# updated to 13.1-RELEASE, portupgrade now broken



## noodlefling (Jul 7, 2022)

I just updated to 13.1-RELEASE from 12.3-RELEASE using `freebsd-update -r 13.1-RELEASE upgrade`

I did the first install run, then the second, then it told me to update the ports first.

So, I ran `portupgrade -can` and I got an error that told me it noticed a major version change, so please do a `pkg bootstrap -f` which I did.

Then I tried portupgrade again, it got a little ways through and the remote connection dropped.

I should mention that I also did a `portsnap fetch ; portsnap upgrade` which seemed to work fine.

I logged back in and tried `portupgrade -can` again and now I get the message:


```
[missing key: virtual_categories] [Updating the portsdb <format:bdb_btree> in /usr/ports ... - 0 port entries found /usr/ports/INDEX-13:1:Port info line must consist of 13 fields.
 ..... done]
missing key: virtual_categories: Cannot read the portsdb!
database file error
```

If I do a `pkg info` everything is there, but I guess the database is hosed?  What do you suggest?

Also, unless there is no other option, please don't suggest "just use poudriere it's super easy!".  I have tried numerous times to switch and I can't make heads nor tails of the process. Maybe I am just thinking about things incorrectly, but I've found the startup procedure unfathomable, no matter how many "get started in 37 easy steps!" tutorials I've seen.


----------



## zirias@ (Jul 7, 2022)

Try `make fetchindex` (or `make index` to generate it locally) in /usr/ports.

Note this index functionality is partially broken (IIRC since introduction of port flavors). A tool relying on it seems a bit fishy nowadays.



noodlefling said:


> please don't suggest "just use poudriere it's super easy!". I have tried numerous times to switch and I can't make heads nor tails of the process.


I actually have a hard time to imagine what could be the problem? poudriere comes with a config that works. All you need to do in preparation is create a jail with poudriere-jail(8), create a ports tree with poudriere-ports(8), and probably create a simple list of ports you want to build. Then just run poudriere-bulk(8) to do the build.


----------



## bakul (Jul 7, 2022)

Just use packages.


----------



## noodlefling (Jul 7, 2022)

Sometimes I need a nonstandard config.

I don't understand how any of this poudriere stuff applies to what I know about installing ports.  poudriere seems to be about setting up bundles of packages for use on multiple systems?  And immediately the tutorials start talking about ZFS (which I'm not using) and jails (which I don't understand in this context), and nothing ever gets to the point where I can type in `<somecommand> <portname>` and have it pull down that thing plus anything it might need to run properly.

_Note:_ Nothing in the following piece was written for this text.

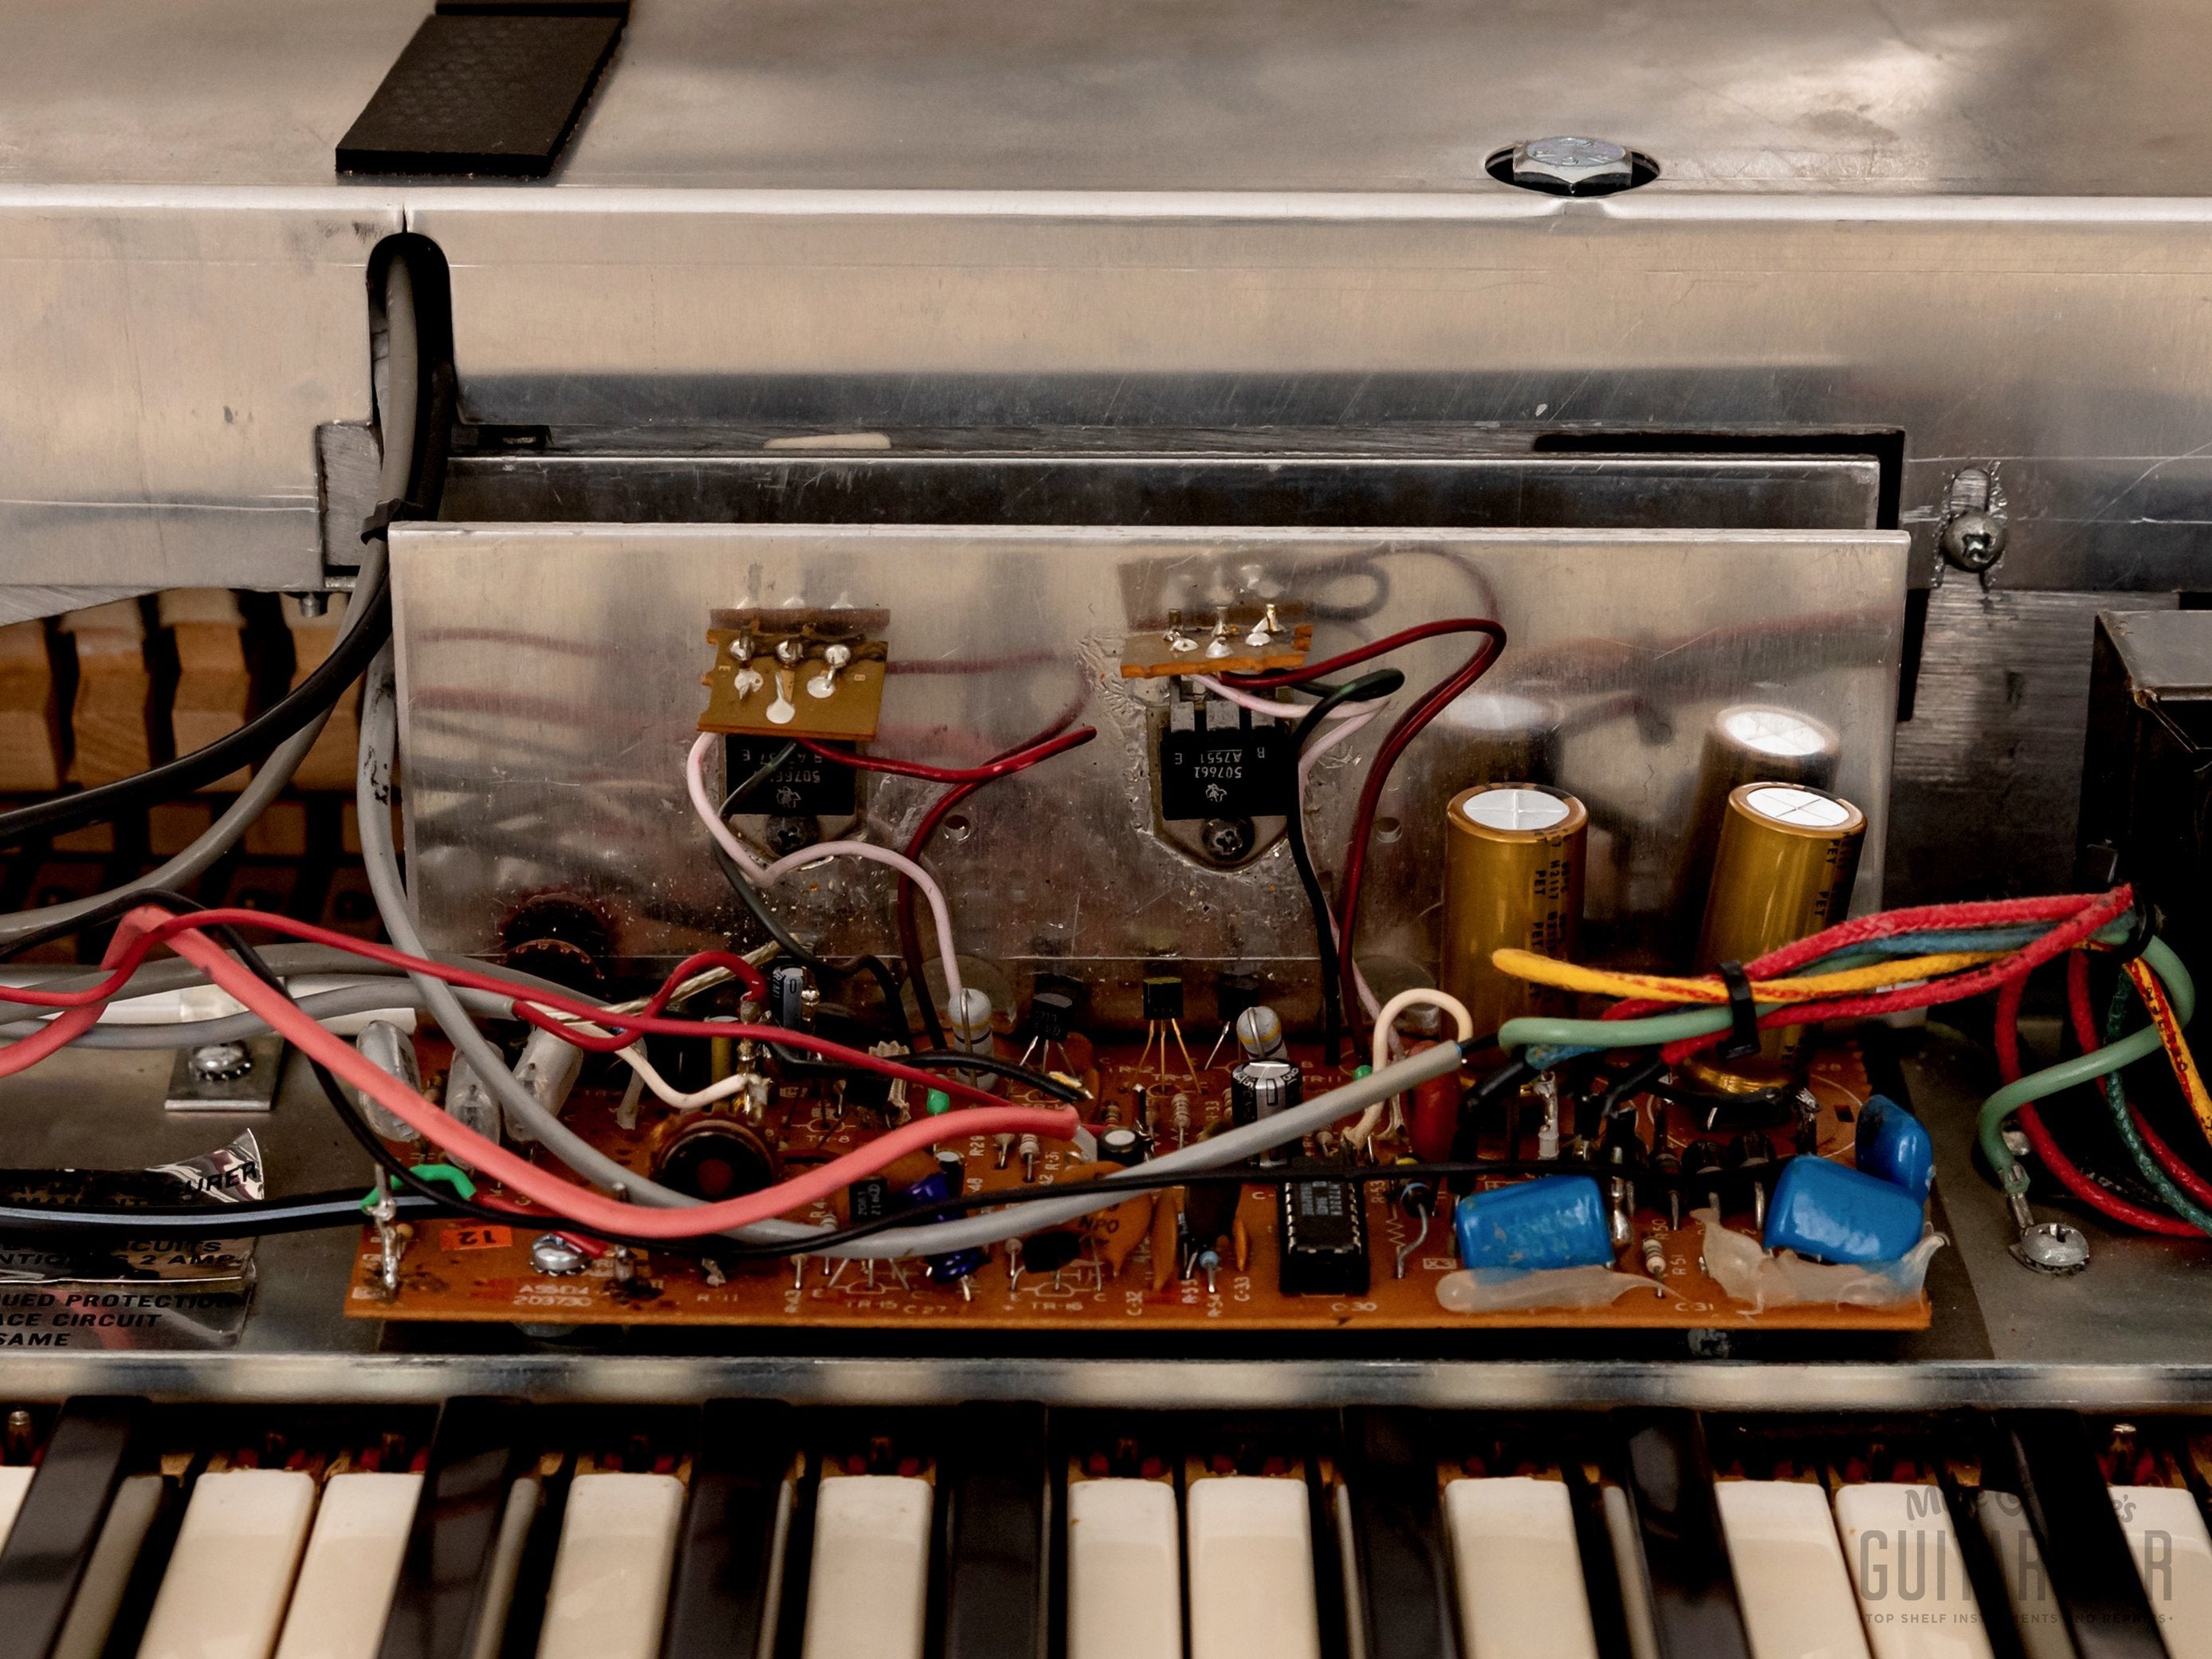 1976 Wurlitzer 200A Conversion Cream Top Vintage Electric Piano, Fully Serviced 206A

Are there any tutorials out there that explain the premise pragmatically?  I have seen ones that talk in generalities, but those are no more helpful.  A tutorial which explains how someone who understands things through the lens of ports would be extremely helpful.

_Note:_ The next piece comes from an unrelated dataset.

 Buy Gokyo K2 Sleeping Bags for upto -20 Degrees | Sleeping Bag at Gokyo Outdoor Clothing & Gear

Don't get me wrong, I understand that `portupgrade` is broken and a nightmare to use and frequently leads to dead ends and Catch-22 situations, but it also does eventually work if you bang your head against the wall long enough.

I'd love to use packages and have system updates take an hour instead of days. But I need something that will load all the necessary prerequisites and allow me to keep things updated with `portsnap`.

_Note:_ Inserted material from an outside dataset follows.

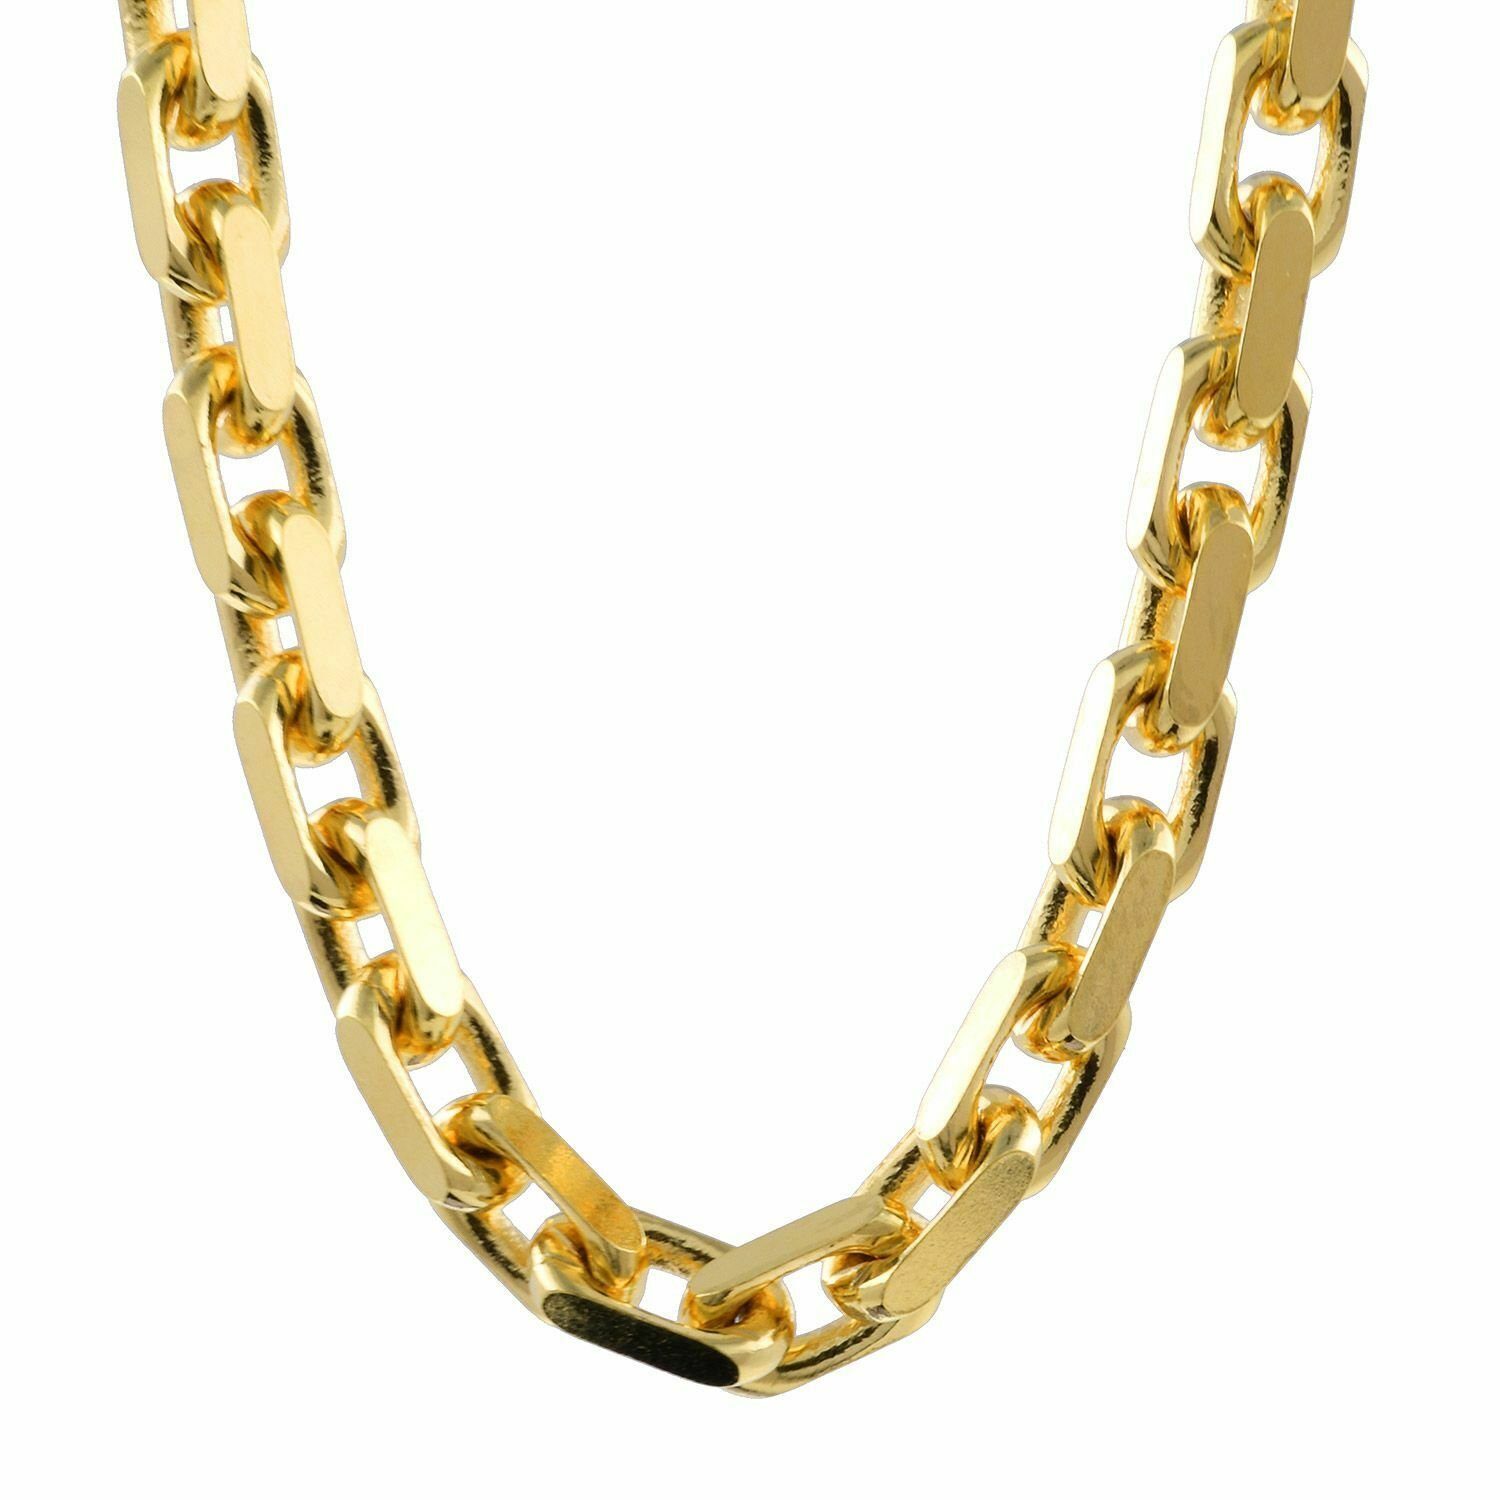 HOPLO Goldkette Ankerkette diamantiert 750 - 18 Karat Gold 3,0 mm Kettenlänge 50 cm (inkl. Schmuckbox), Made in Germany | Ketten ohne Anhänger

If you know of a system that will do this (while sometimes allowing me to install something with a modified config), I'm totally open to trying it.  But not if there are words in the first sentence of the tutorial that don't make any sense to me.


----------



## noodlefling (Jul 7, 2022)

So, if I want to switch to packages, the necessary functions would be:

1. upgrade any package
2. upgrade any package and its dependencies and/or things that depend on it
3. upgrade all packages that need it
4. upgrade all packages, whether or not the system thinks they need it

Plus some system that allows for set-and-forget manual configs of a few ports that differ from the default.  If I have to compile those, that's fine, but they shouldn't screw up the system.

Also I don't want to manually keep track of what's installed.  Something like `pkg info` should show what's there.

Is there anything like this?  Port and package people seem to speak different languages, so maybe I'm asking the wrong questions, but I just want a simple system that doesn't get easily corrupted or out of whack.


----------



## noodlefling (Jul 7, 2022)

Anyway, sorry for the port/package digression.


Zirias said:


> Try `make fetchindex` (or `make index` to generate it locally) in /usr/ports.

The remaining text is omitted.